SUFF is a three-year-old film festival devoted to genuinely independent films, especially short experimental works. It runs about nine days and has a pretty sweet line-up this year. Take a look at their online program for a peek at the cool stuff they’re screening:

http://www.seattleundergroundfilm.com/

Today at the advance press screening the SUFF staff showed us several short films and one feature. The shorts included two standouts: Family Values, a short documentary profiling a lesbian couple in Philadelphia, one of whom is a cop and the other of whom runs a business cleaning up bloody crime scenes. It’s a very funny and charming little film. The other winner was The $250 Nieman-Marcus Cookie Recipe, based on an enduring urban legend. The story goes that a Nieman-Marcus shopper asks for the recipe to the store’s café cookies, and the waitress tells her the recipe would cost “two fifty”. This proves to be $250, and the star of the urban legend gets revenge by distributing the recipe via the internet, faxes, etc., asking recipients to pass it on. It’s all nonsense, of course. In the short film version, we see these events unfold and then spiral into surreal black humor, with a Nieman-Marcus crisis team ordering executions of people with the recipe and so on. It was damned funny and quite clever, even with fuzzy audio.

The feature was a real winner. Here’s the short review I wrote up for Tablet, which should appear in their next issue:




The Wedding Cow

Flora is a daffy but intrepid librarian. Tim is a plumber with little courage but a kind heart. And Hannah–well, Hannah is a cow. The three of them lope through the German film The Wedding Cow with an endearing awkwardness, and they make this movie’s one-night-only engagement at the Seattle Underground Film Festival worth seeking out.

The Wedding Cow is a road movie. Flora and Tim are lonely, somewhat hapless people traveling through the back roads of rural Germany far from the autobahn. It’s also a screwball romantic comedy that never goes to the heights of lunacy seen in American films such as Bringing Up Baby, but it has a modest charm all its own.

The plot isn’t really important, nor is the by-the-numbers happy ending–which is precisely the obligatory ending the universe of such films both demands and deserves. Love triumphs, no matter how improbably. And that’s just fine.

The characters are lovable. Flora is earnest, naive, and adorable in her babbling, clumsy way, but with a core of grit and resolve that prevents her from just being a silly-movie-girl character; it is always her decisions that move events forward. And Tim is Elmer Fudd, in those cartoons where he swoons dreamy-eyed over Bugs Bunny but is always on the brink of erupting in sputtering comic fury.

This is a feel-good movie. It’s probably the only feel-good movie playing in Seattle that’s actually worth watching. And it’s only playing for one night. Go see this film. You’ll feel good. And that’s just fine.
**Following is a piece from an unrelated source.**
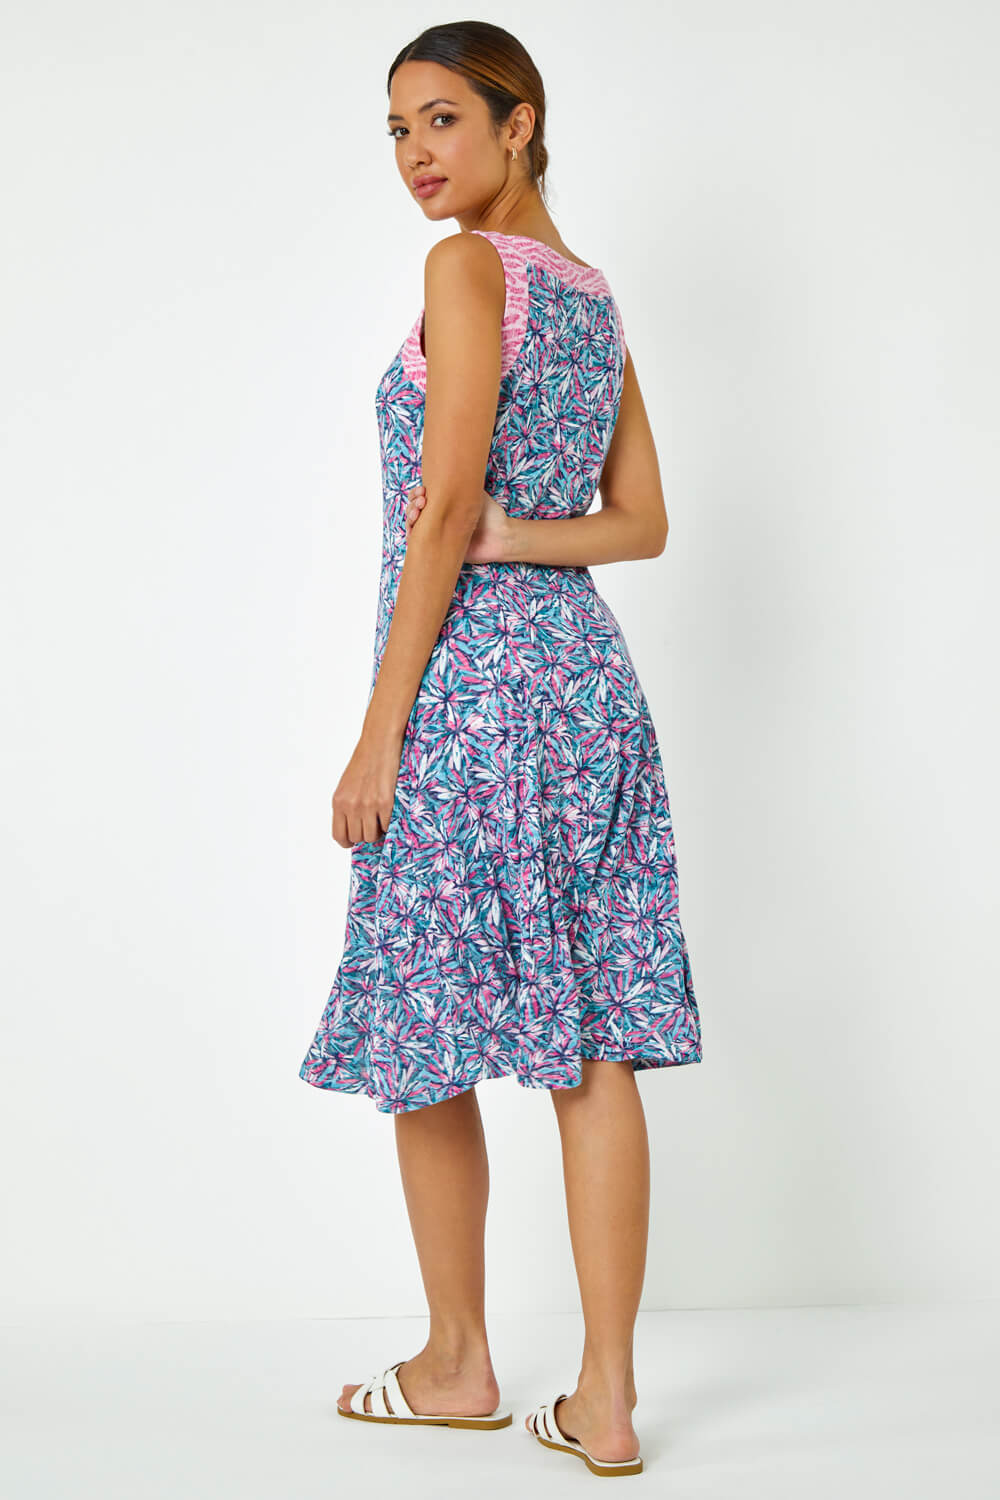 PINK Sleeveless Contrast Floral Print Dress, Image 3 of 5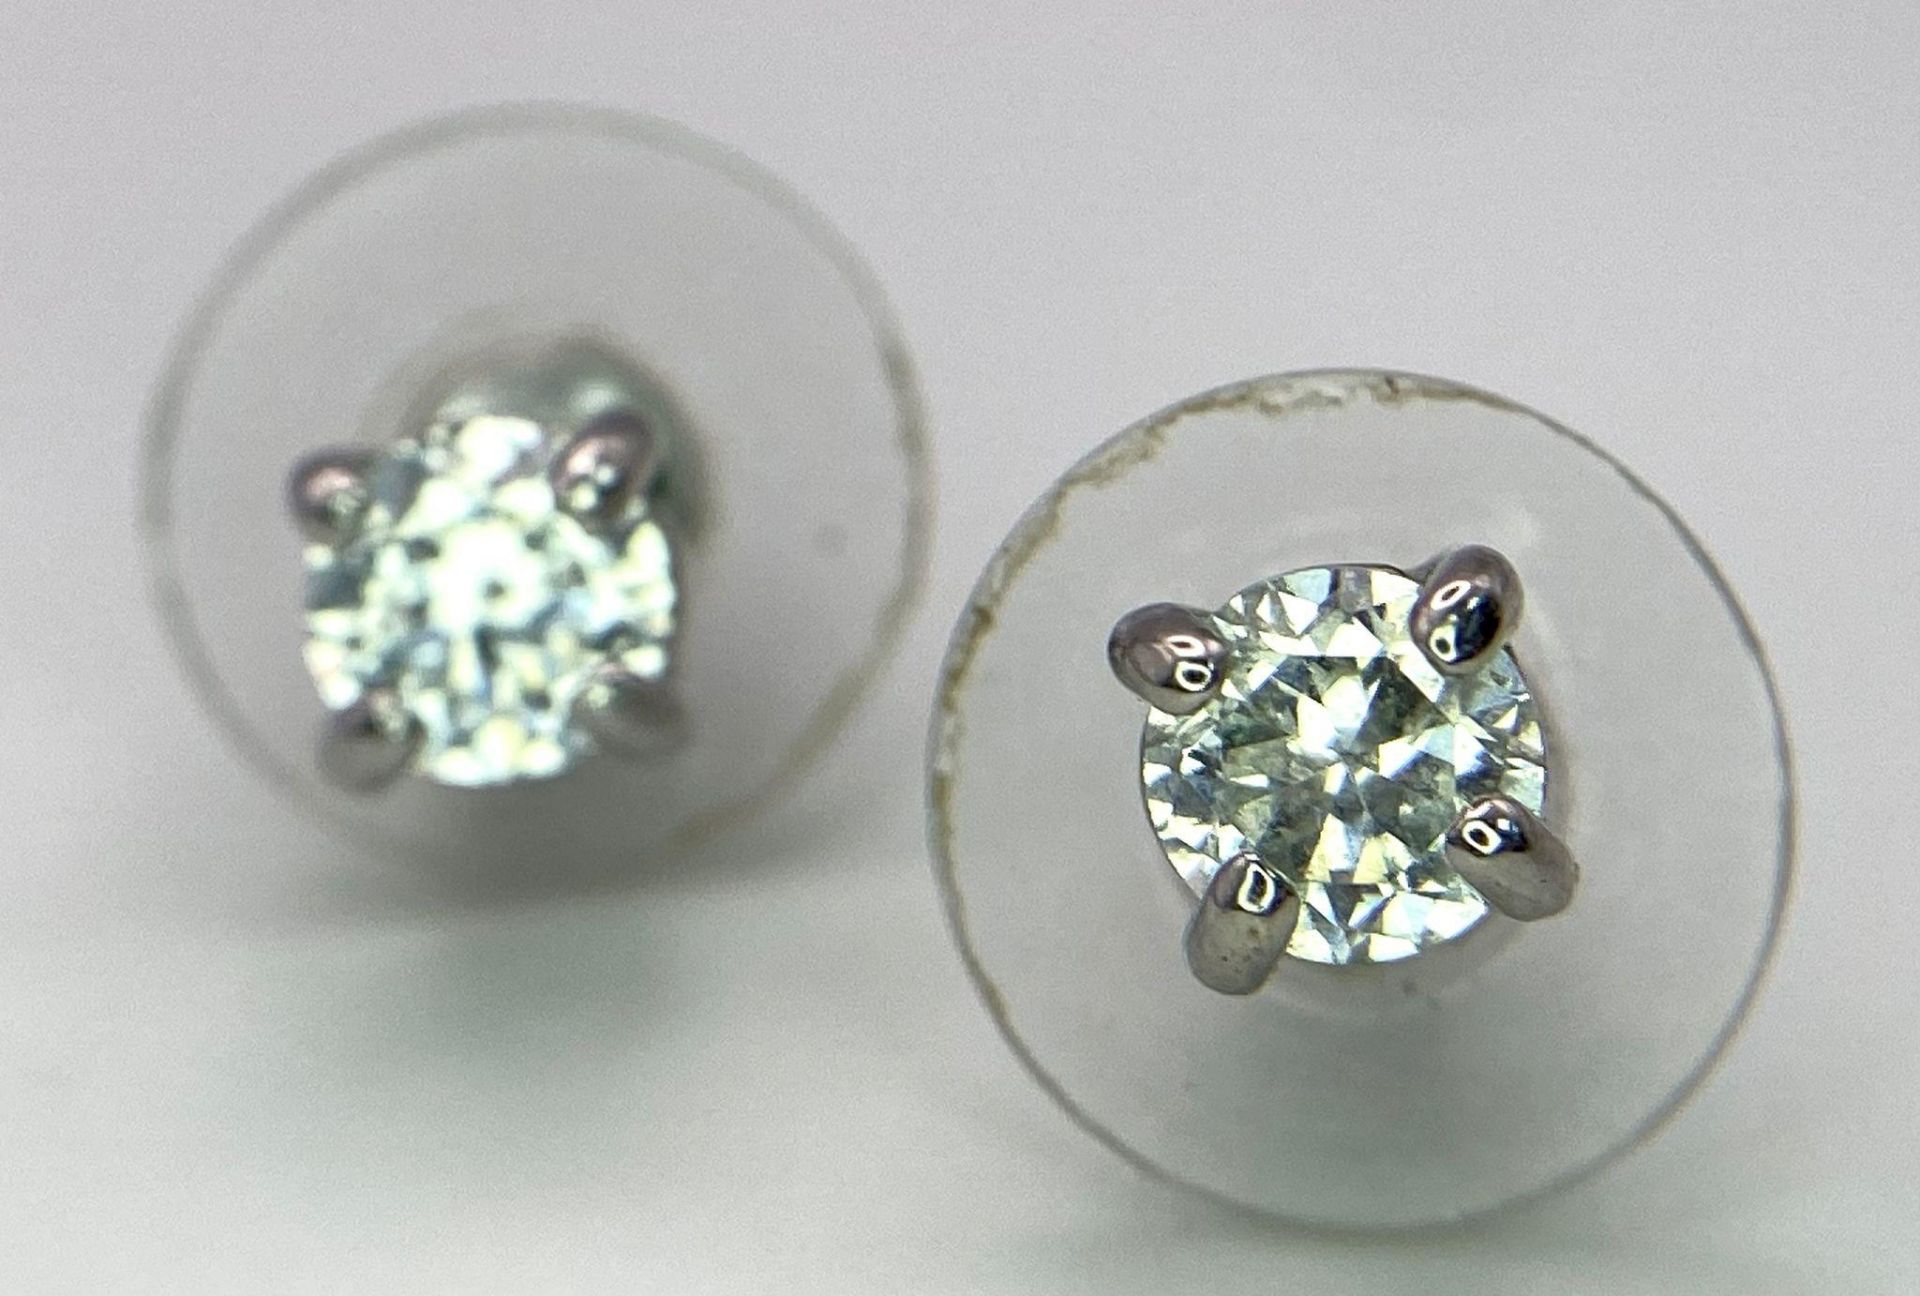 A Pair of White CZ Stone Stud Earrings.

The Wedding Cow plays at 7:30 p.m., Friday, October 5, at the Little Theatre on Capitol Hill.


I got some work done at the studio for a while and then joined Karen for dinner at her friend Nic’s apartment. Nic hosted a little gathering for about ten friends at which we met Curt Firestone, a city council candidate in this fall’s election. I voted for Firestone in the primary last week so I was already sold, but it was interesting to meet the guy in person, hear his statements, and grill him about the issues that concern me. It was actually a little weird to sit there in this little bohemian living room with an actual city council candidate, talking about market-rate housing and the monorail project. Firestone is running against the incumbent, Jan Drago. Drago would be a model council member in most cities, but in Seattle we have enough model council members that we can afford to be pickier than usual. Of course, I think “Jan Drago” sounds like a James Bond villain and that’s reason enough to boot her off the council.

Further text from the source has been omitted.